Ted Morgan w/Boogiemen
@ Whiskey Junction, February 21, 1998
By Rico Anderson

As manager of The Lamont Cranston Blues Band, what do I do with a rare weekend night off? Well, it's back into the clubs, what else! What better reason than to spend the evening with old friends.

The evening started with an opening set by one of the most overlooked bands in the Twin Cities. Boogiemen came out strong, rockin' from the first note. Lead vocalist and harpman Chuck Edwards was fighting a sore throat, but you sure couldn't tell. He sailed through a fine mix of covers, like Willie Dixon's "I'm A Business Man", Don Covey's "Please Do Something" and "Monkey Around" by Delbert McClinton, who, by the way, will have the band open for him once again at their annual gig at Medina on April 18th. Chuck has a great voice and blows some mighty tasty harp. He is usually a featured player on the bill at the Whiskey Junction's annual All Star Blues Harp night, which this year is scheduled for Monday, April 20th. The band served up many original songs that included Edwards new cut "Come & Get It", as well as many off of their latest CD "Boogie Time"; Paul Manske's "Taxpayin' Fools" and "Can't Stand It No More" and Edwards' "Just Like That".

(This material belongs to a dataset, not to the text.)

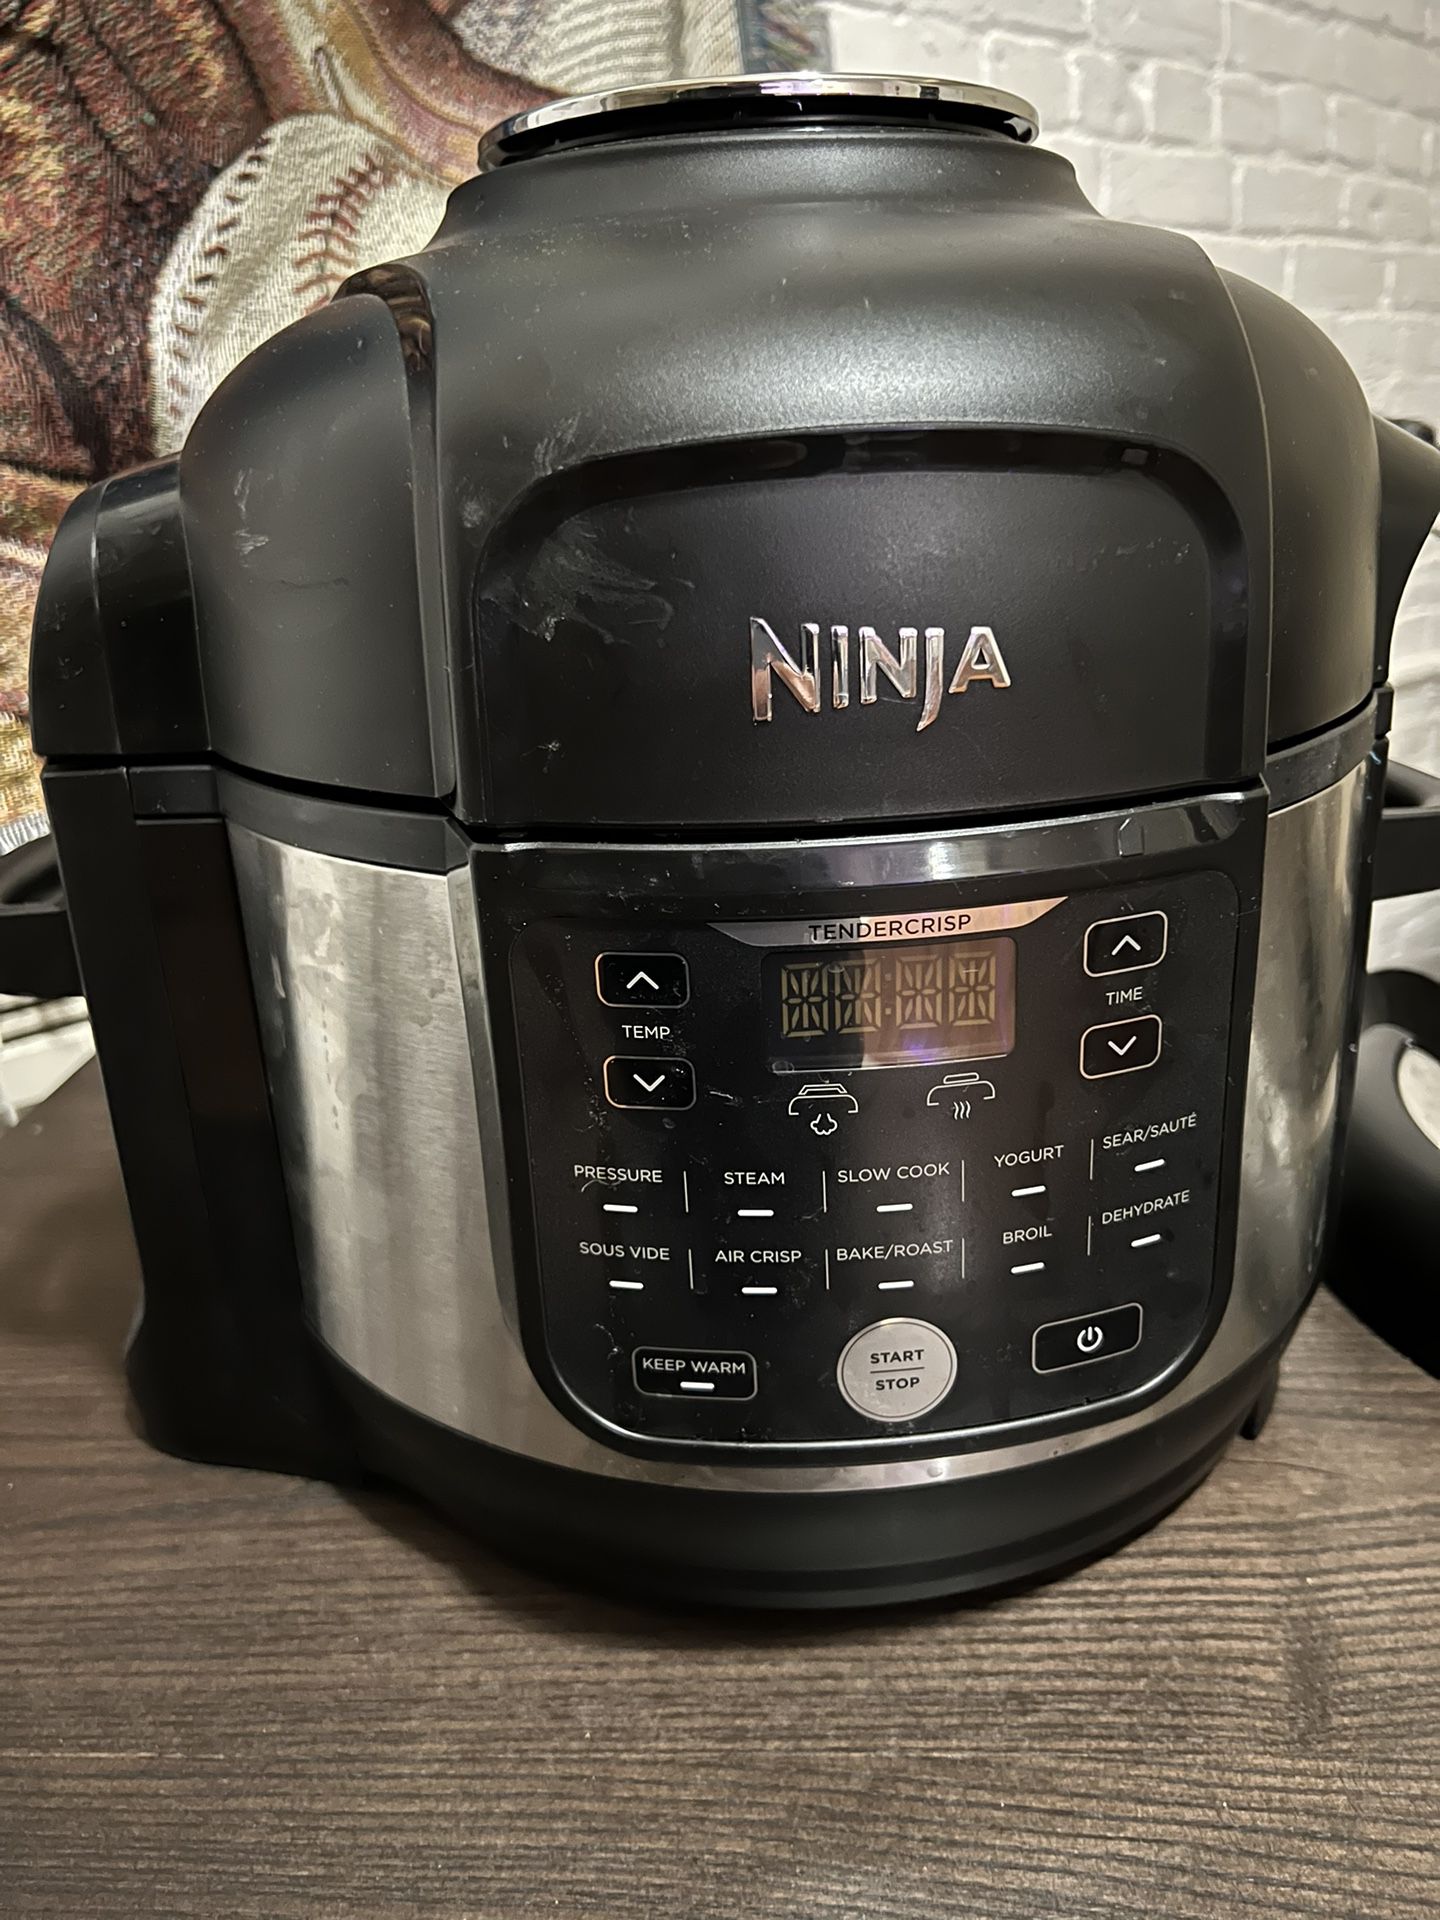 Ninja Foodi 11-in-1 6.5-qt Pro Pressure Cooker + Air Fryer with Stainless finish, FD302 - Stainless Steel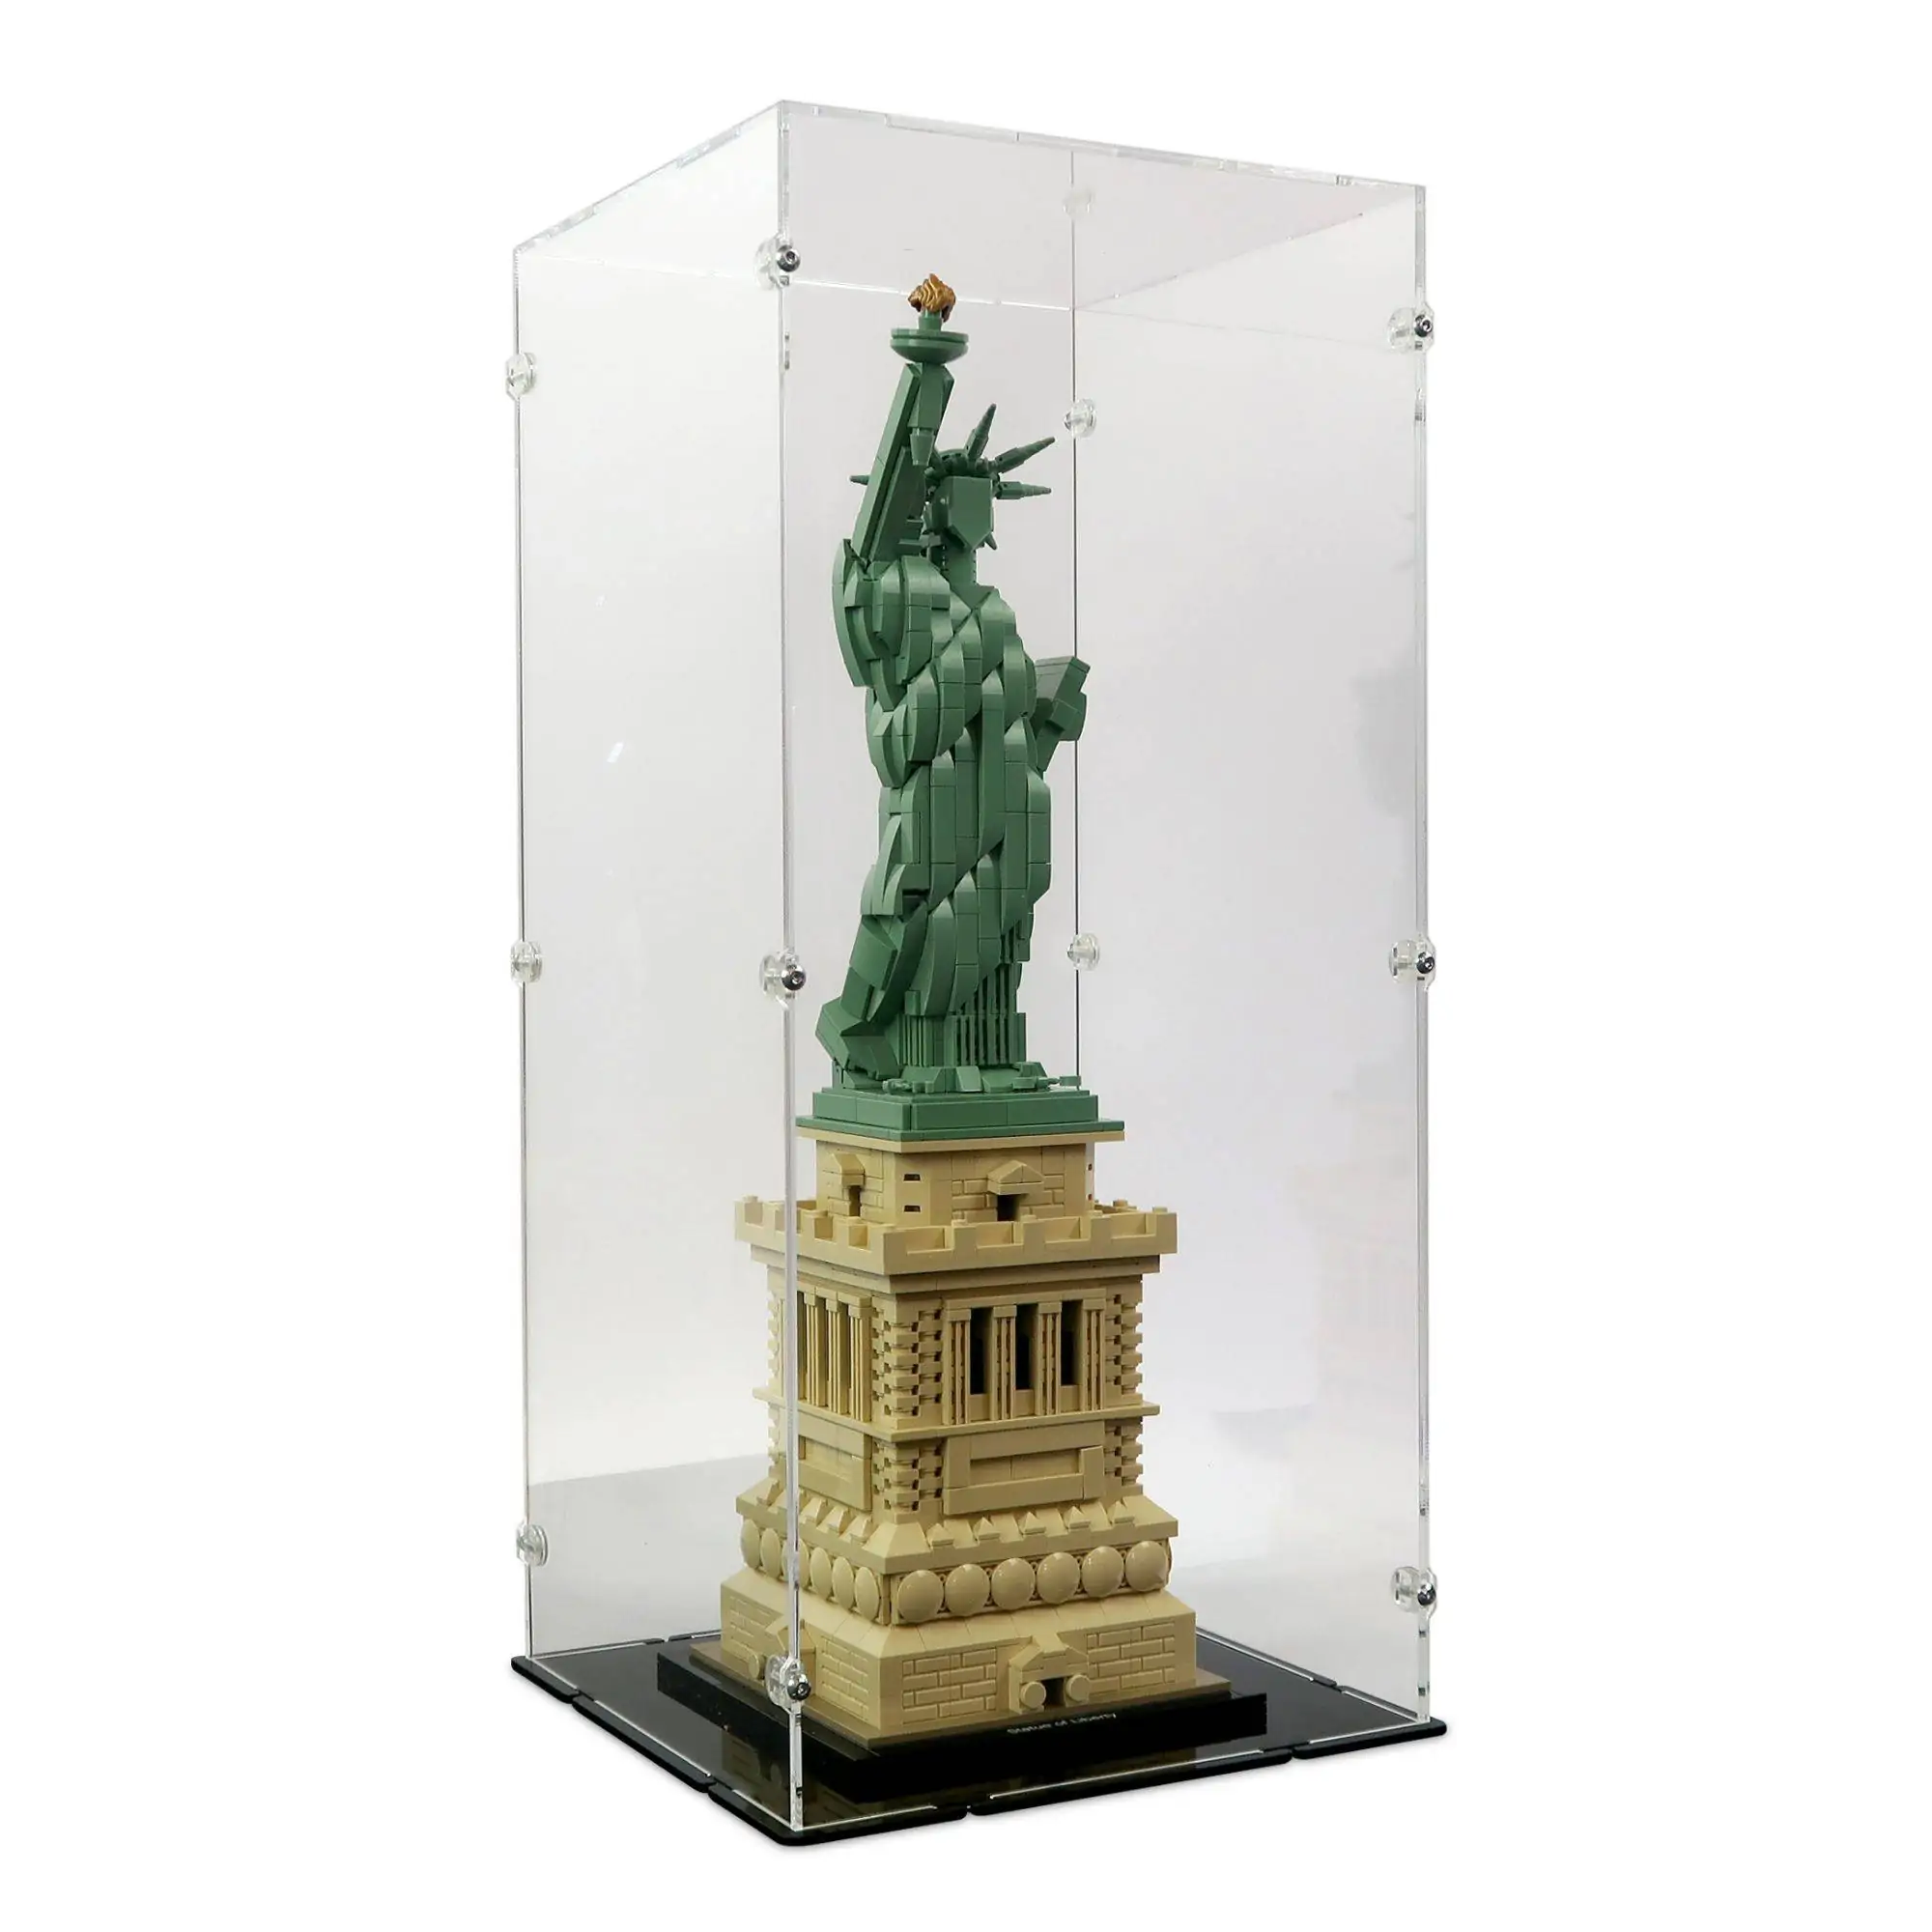 LEGO Architecture 21042 Statue of Liberty review

Paul Bergen (who replaced Randy Anderson last October) has played with Molly and the Heymakers, among others. Bergen, nephew of Rock & Roll legend Bobby Vee, is also a very talented songwriter, which is evident on his new solo CD "Puddle Of Tears". Just barely completed, it has already gained interest from Nick Lowe and a couple of national labels. Paul's addition to the band adds a new dimension to their 'roots' sound. At this show, his version of "Elvis In The Sky" confirmed that. The newest member is drummer Joel Richmond, who used to play with Tina & the B-Sides. He has only been on board about 2 months and has already jumped into a solid groove with original bass player Paul Manske. Former Raggs bassist Manske lays down some of the best bass grooves around, as well as offering some great vocals (Lazy Lester's "I Hear You Knockin'") along with his songwriting skills. Rounding out the lineup are the 'hot hands' of Glenn Manske on keyboards (also formerly with Raggs). Manske #2, along with Manske #1 and Edwards are original members. Go see Boogiemen, you won't be disappointed, they are developing their own niche in town as an original 'roots' band.

See Boogiemen CD Review

Ted Morgan
Photo © 1997 by Tom Asp All rights reserved
AND, if that wasn't enough, Antones recording artist and Lamont Cranston alumnus Ted Morgan hit the stage and filled the dance floor with his first song, Morgan's own jumping instrumental "The Jive Glide". With Minneapolis' own drum king, Rob Stupka and California bassist Marcus Carino, the band was kickin' from the very first song to the very last note. Ted is a pure 'guitar whiz' - no more 'kid prodigy' or 'kid sensation' cliches - I think we're all sick of that around here. Morgan's jump swing guitar style will blow you away. He plays some of the most amazing licks you will ever hear and his energy on stage builds all night. Throw in his songwriting talents and his great vocals (which get better and better every time I see him) and you've got a show you're glad you didn't miss. Rob, who has played with just about everyone who is anyone in the blues circuit, is one of the most requested tour and studio drummers around. Last year alone, he has toured with Ted, Sue Foley and Syl Johnson, among others, and was the drummer on Jonny Lang's platinum release "Lie To Me". He is now headed right to Delmark studios in Chicago to record with Joanna Conner, before joining up with Ted again for an annual trip to Europe.

Ted Morgan
Photo © 1997 by Tom Asp All rights reserved
This was the last show after a month on the road that took the band through Texas, Phoenix, Colorado, California and Alaska, or as Ted put it; "Over the mountains and through the woods". The band ran through many of the songs on Morgan's 2 CD's; "Ridin' In Style" and "Louisiana Rain", including "Walkin' Out On You", "She's Gone", "Full Grown Man", "Inside Out", "Baby Don't Leave Me" and "Louisiana Rain" (which Teddy dedicated to his brother in the audience). They had the whole place hootin' & hollerin' all night long. Dave Mason of Traffic fame, was even in the house after their gig at First Avenue. His manager, John Taylor, said that they really enjoyed the band and the atmosphere at the Whiskey Junction. The night ended with a great encore jam with Paul Manske and Paul Bergen joining Ted and Rob on stage for one last hoot & holler.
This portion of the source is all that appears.